Цитаты Макс Далин

— Людвиг был лучше вас в тысячу раз, Дольф. Он был красив, он был благороден, он был добр и любезен. Он был способен любить, понимаете? Вам, верю, и слово-то это неизвестно. Он говорил мне удивительные вещи…
И заплакала.
А я подумал, что он говорил удивительные вещи фрейлинам, прачкам, горничным, бельёвщицам — даже кухаркам. И уж что другое, а любить он был способен так, что только мебель трещала. И что её благородный Людвиг с доброй улыбкой наблюдал, как Нэд стоит и плачет куда горше, чем Розамунда, а на его шею накидывают петлю.

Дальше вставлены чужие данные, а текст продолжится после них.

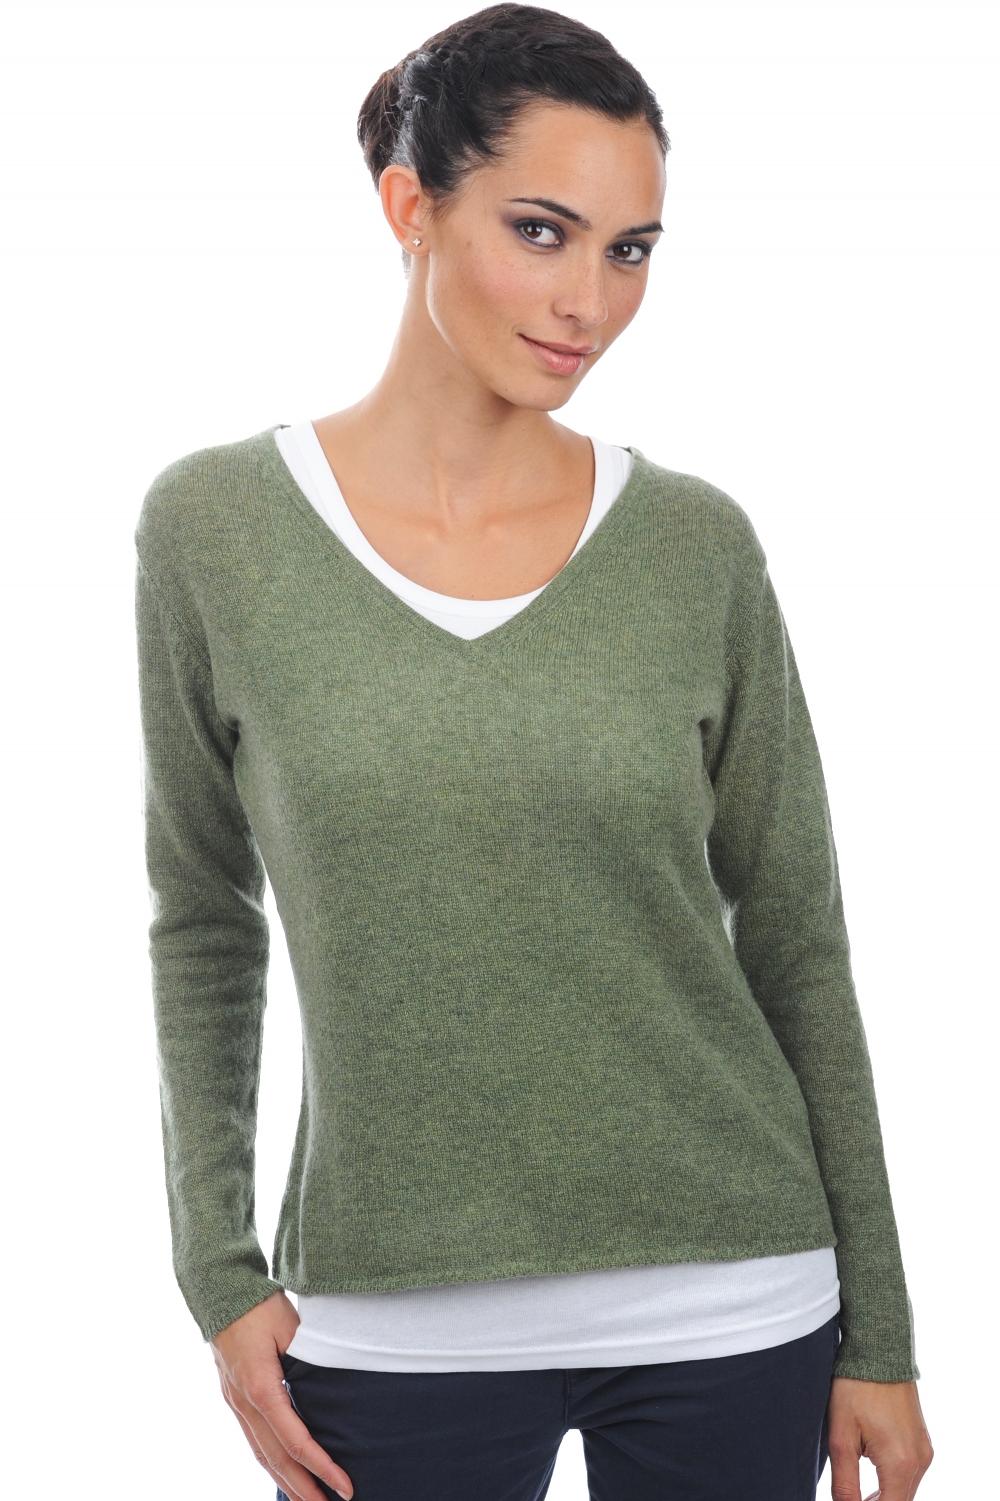 Cashmere ladies basic sweaters at low prices flavie olive chine 2xl

Носить корону легче и приятнее, чем править. Поэтому мой отец и выбрал первое, а не второе. Работа правителя тяжела, грязна и неблагодарна. Спокойных дней нет. Честных вассалов нет. Порядка нет и никогда не будет.

Способности к некромантии, говорят, похожи на музыкальный слух. Пожалуй.
Некоторые неистово хотят быть певцами и музыкантами, зовут учителей, платят им по золотому в час, тратят уйму времени и море сил, чтобы выжать из лютни или флейты хоть сколько-нибудь гармоничный звук — и без толку. Терзание чужих ушей. А их лакей напевает, перетирая тарелки, и прохожие за окном останавливаются послушать. Дар свыше.

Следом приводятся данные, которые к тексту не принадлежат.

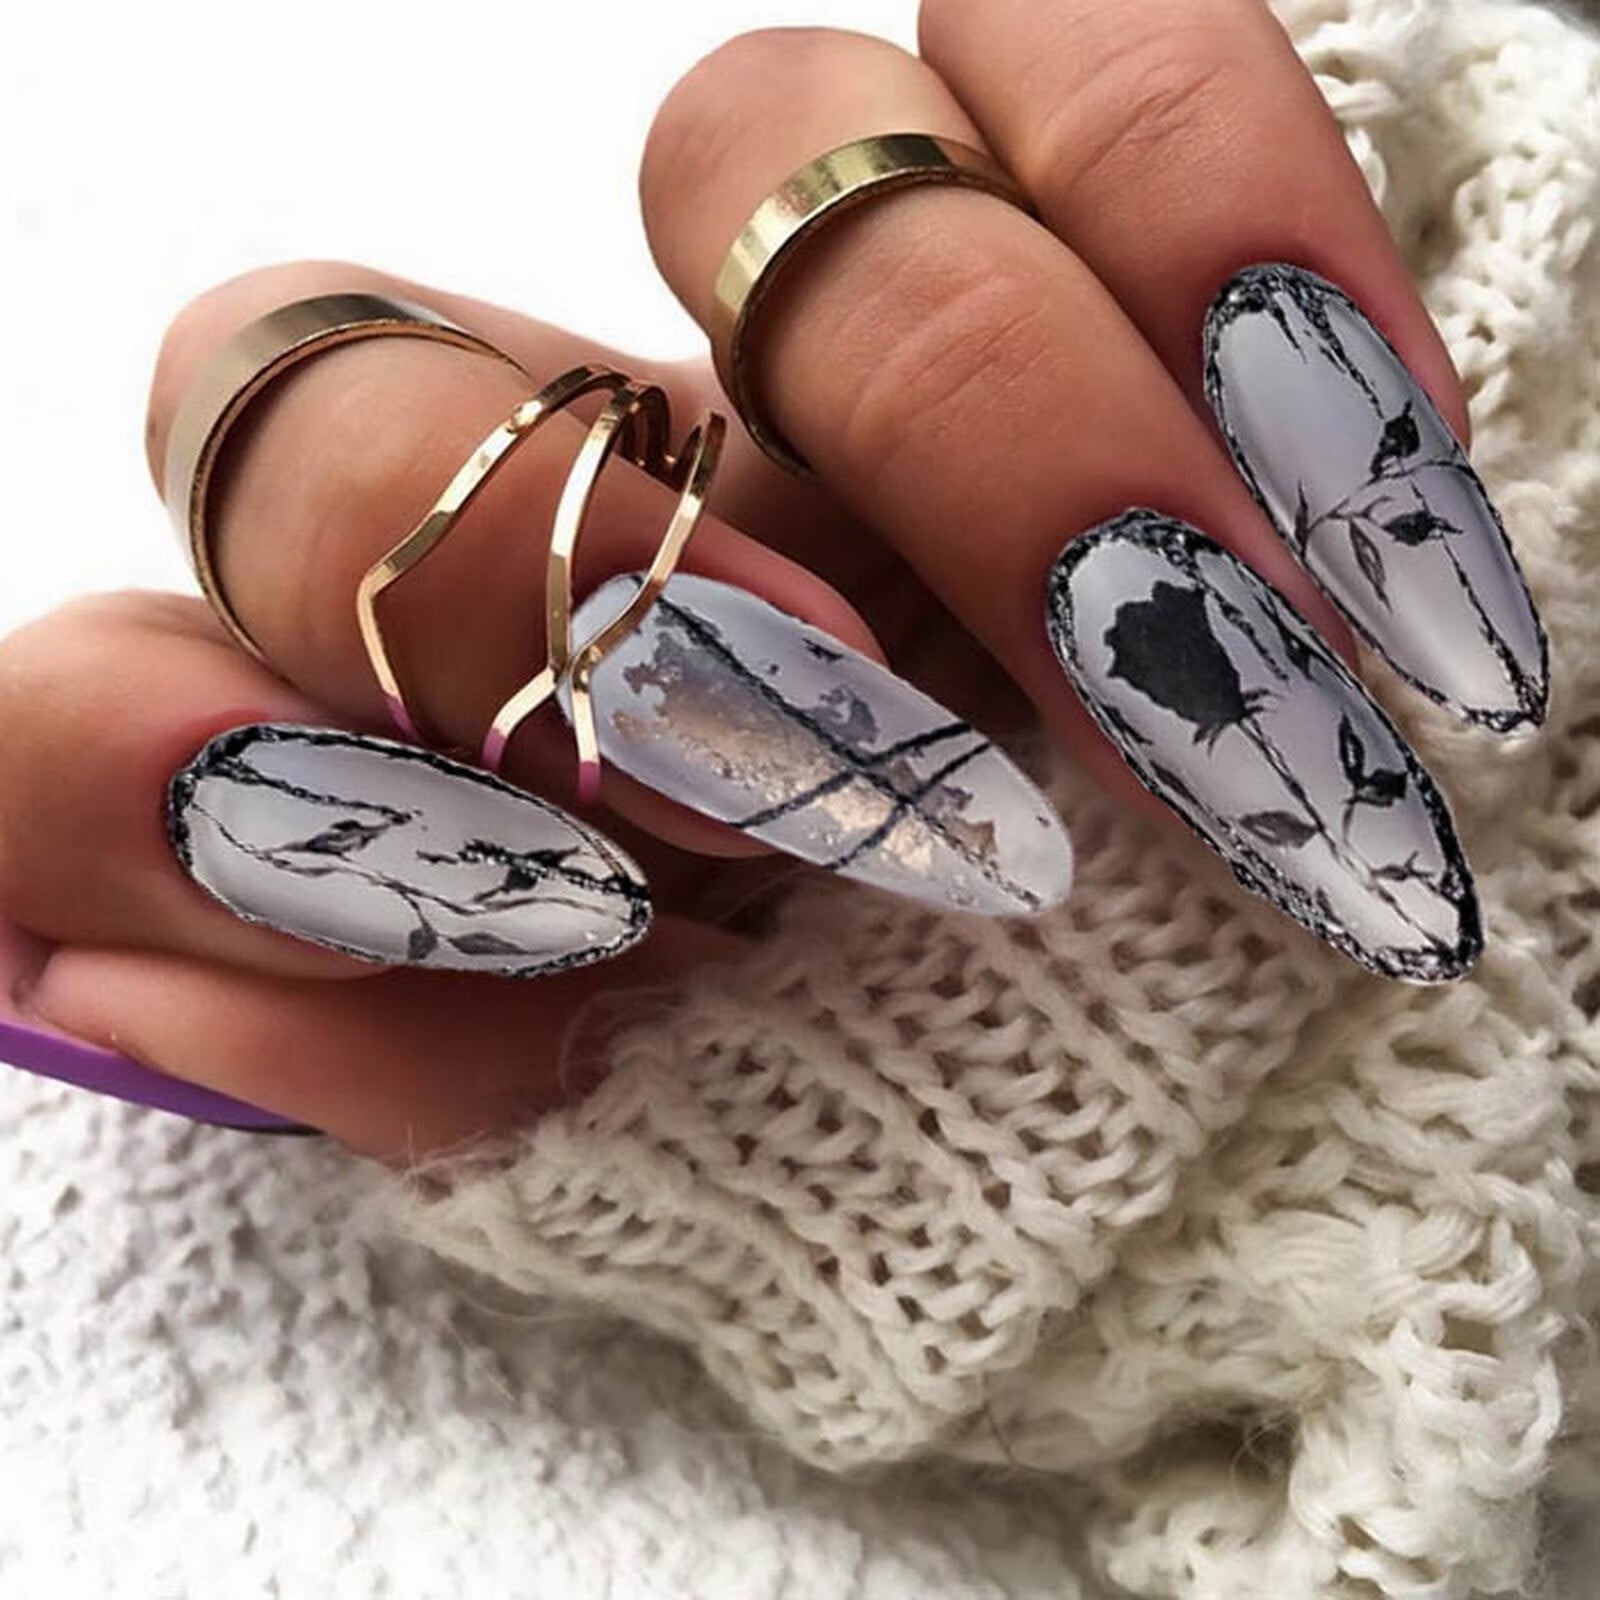 Nail Stickers Make These 20 Back-To-School Themed Manicures Insanely Easy

Она подняла голову, встретила мой взгляд… И лицо у неё было напряжённое, упрямое и какое-то ядовитое — совсем не эльфийское, девчоночье, вздорное. И на нём — не вызов, как у парня, а желание ранить и не получить рану в ответ.
Они ведь не признают никаких законов поединка. Бьют в больное место и прикрываются чем-нибудь непреодолимым — вроде слёз или обвинений. Я об этом совсем забыл.

Я иллюзий не питаю. Я рос маленьким безобразным гаденышем. Злым, а пуще злопамятным, подлым. Но — умным. Я читал и наблюдал, читал и наблюдал. И все, что прочитывал или видел, принимал к сведению.

Закат почти всегда, во всех мирах, багров, кровав, залит расплавленным золотом, пурпурен — что-то такое в нём патетическое, драматическое, тревожное… этакие пышные похороны дня по всем классическим канонам. А вот новый день рождается негромко и неярко. Чуть заметная позолота, еле ощутимая розоватость — в море утренней белизны, нежно и светло, внушает радость и надежду, просто прогоняет тьму и всё, без всякого пафоса, нажима и напряжения. И — редко наблюдаемое таинство: на закате мы бодрствуем, совы, так сказать, а на рассвете мы спим. Наверное, поэтому оптимистов на белом свете меньше, чем пессимистов…

Не годится требовать от детей — даже от взрослых с детской душою — чтобы они, подобно взрослым, проникали умом в побуждения и чувства других. Надобно судить их поступки по намерениям.